Steve Bennett wrote:
We're talking about publicity shots aren't we?
Well, I was, but naturally the thread has expanded somewhat. (And see below.)
As in, photos that are provided to the media so they can write puff pieces about them [...] So presumably also legal for Wikipedia to use them as the lead image for relevant articles. But possibly not legal for downstream Wikipedia content reusers...
Just so. But:
The interesting issue though is that we probably have permission to use these types of images without resorting to "fair use", but we actually prohibit ourselves from using that kind of image: we accept free images, we accept fair use...
Not quite. The current climate is that we accept nothing but free images. Fair use is not free, so we're stamping out fair use. Licensed-for-almost-anyone-to-use publicity photos are not free, so we're stamping out those, too. I'm sure magazine covers and DVD packages will be next.
And this isn't necessarily such a bad thing. Certainly, accepting only free images, and upping the incentive to acquire free images, by declining to accept nonfree ones in the meantime, is a noble goal.
I started this thread talking about publicity photos, but it became clear to me that this is not the fundamental issue, and I suspect it's not even worth debating publicity photos until the fundamental issue is resolved (or changed).

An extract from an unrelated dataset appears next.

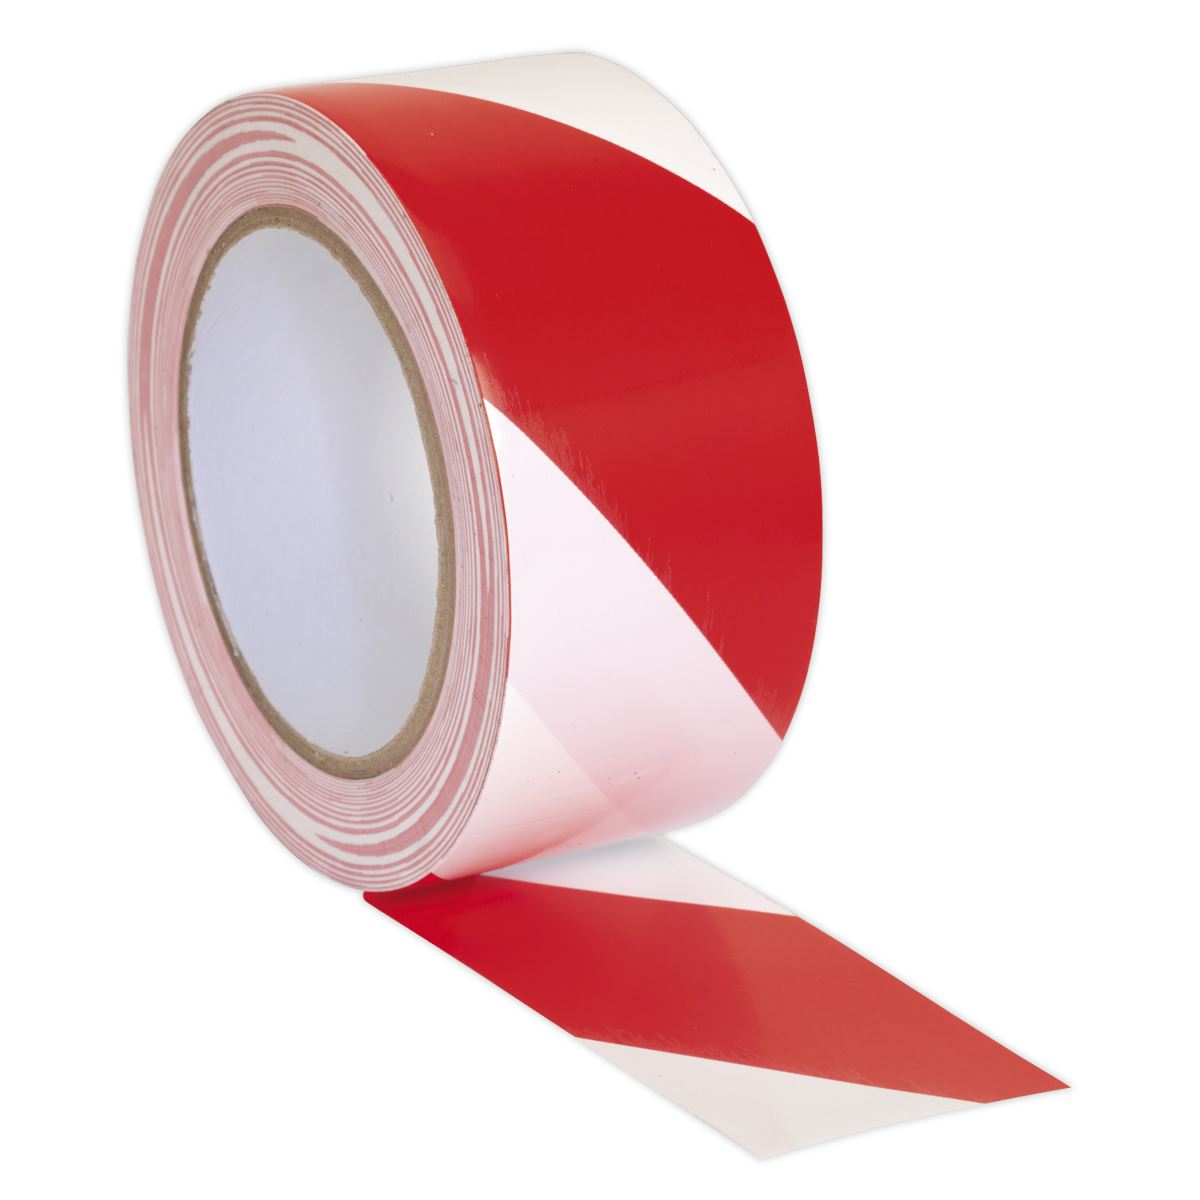 Sealey Hazard Warning Tape 50mm x 33m Red/White

The people campaigning to get rid of all nonfree images have got Jimbo's statement to fall back on: it's better for an article to have no image at all than to have a nonfree one. A licensed publicity photo of J.D. Salinger is not free, ergo it's better for the [[J.D. Salinger]] article to have no image, until such time as a free one can be found.
Stated another way, not only does a poorly-composed fan shot of an author at a book signing trump a professionally-photographed headshot, an imageless article trumps that headshot, too.